French engineer and pilot (1868-1944)

 Frédéric Airault (/fr/; born 18 May 1868 in Paris, died 7 October 1944 in Clichy) was a French engineer and airship pilot who was the technical director of a number of automobile and aviation firms before the First World War.

==Biography==
Airault enrolled at the École des Arts et Métiers campus in Angers in 1884, gaining his diplôme d'ingénieur in 1887. Airault served with the French Navy for five years before joining the Société française de constructions mécaniques in 1892. In 1897, he designed a V-4 24-horsepower engine with progressive friction transmission, and starting in 1899 he worked at the car and bicycle manufacturer Hurtu as engineer, head of research and then Technical Director. He stayed there for four years, and in 1903 became a co-director of the Buchet factories in Levallois-Perret, a northwestern suburb of Paris. (Note: The engine maker Filtz was also based in Levallois: a 75 hp Filtz engine was fitted to the Renard Road Train imported to Britain in 1907 by the Daimler Company.) Élie Buchet, founder of Buchet, had died in late 1903.

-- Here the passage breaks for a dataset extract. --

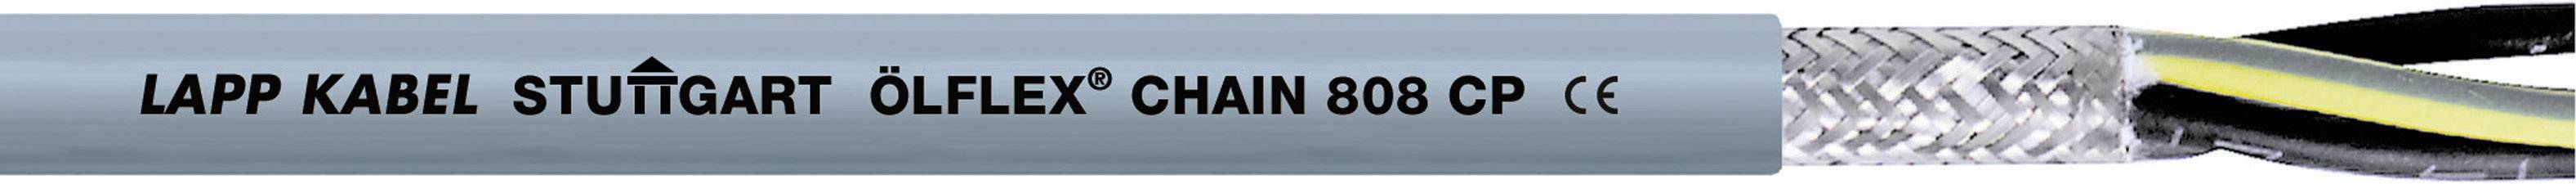 Žíla kabelu LappKabel ÖLFLEX CHAIN 808 CP 3G0,75 (1027760), 3x 0,75 mm², polyurethan, Ø 6,6 mm, stíněný, 50 m,
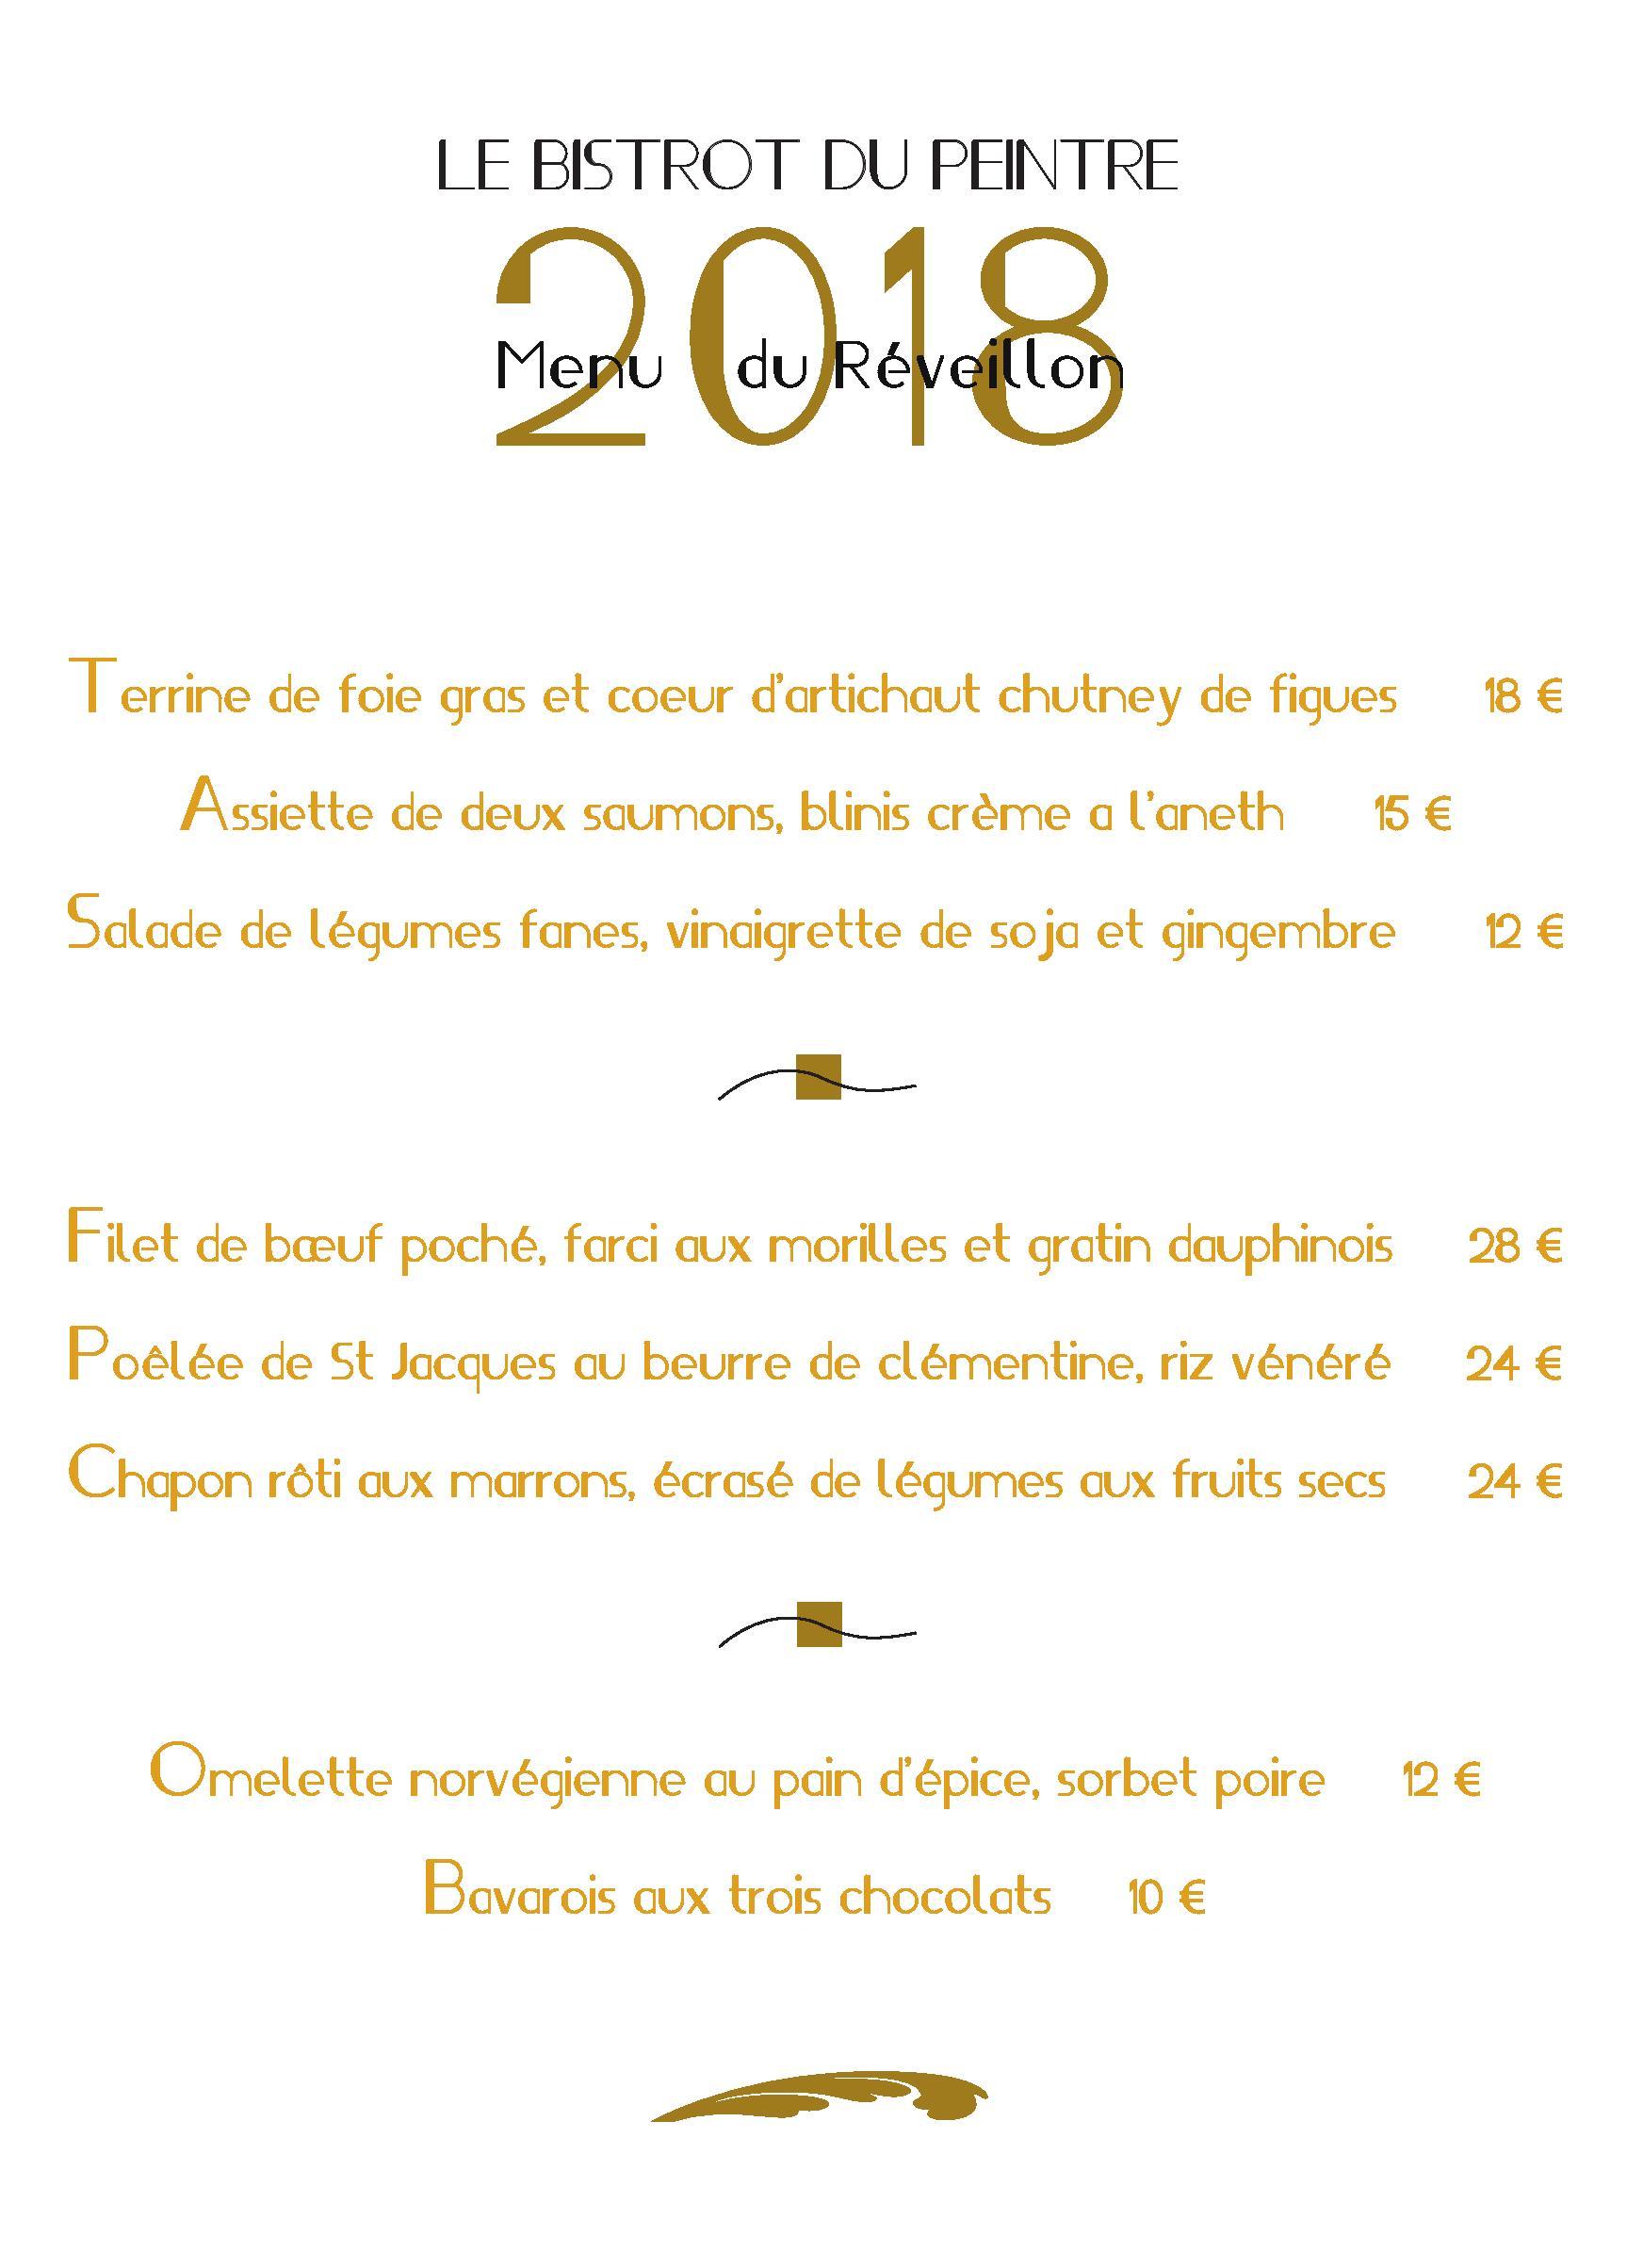 Bon-plan-restaurant-Bistrot-du-peintre-elisa-les-bons-tuyaux-15.jpg

Airault left Buchet in 1905 to become the managing director of Fabbrica di Automobili Florentia. (Note: His replacement at Buchet was Joseph-Ambroise Farcot who owned his own engineering firm. Farcot was soon joined by Alessandro Anzani, on secondment from Alcyon motorcycles whose owner Edmond Gentil had spotted him on a Hurtu motorcycle at a 1903 World Championship at the Parc des Princes, Paris. The appearance of the first of the Farcot-Anzani 3-cylinder fan engines (80 x 80 mm, 1206 cc) in an Alcyon motorcycle was announced in (L'Automobile, No. 109, 28 October 1905).) Airault stayed there for a year before becoming the technical director of the Société française des trains Renard in 1906. The Daimler Company manufactured the Road Train under licence in the UK.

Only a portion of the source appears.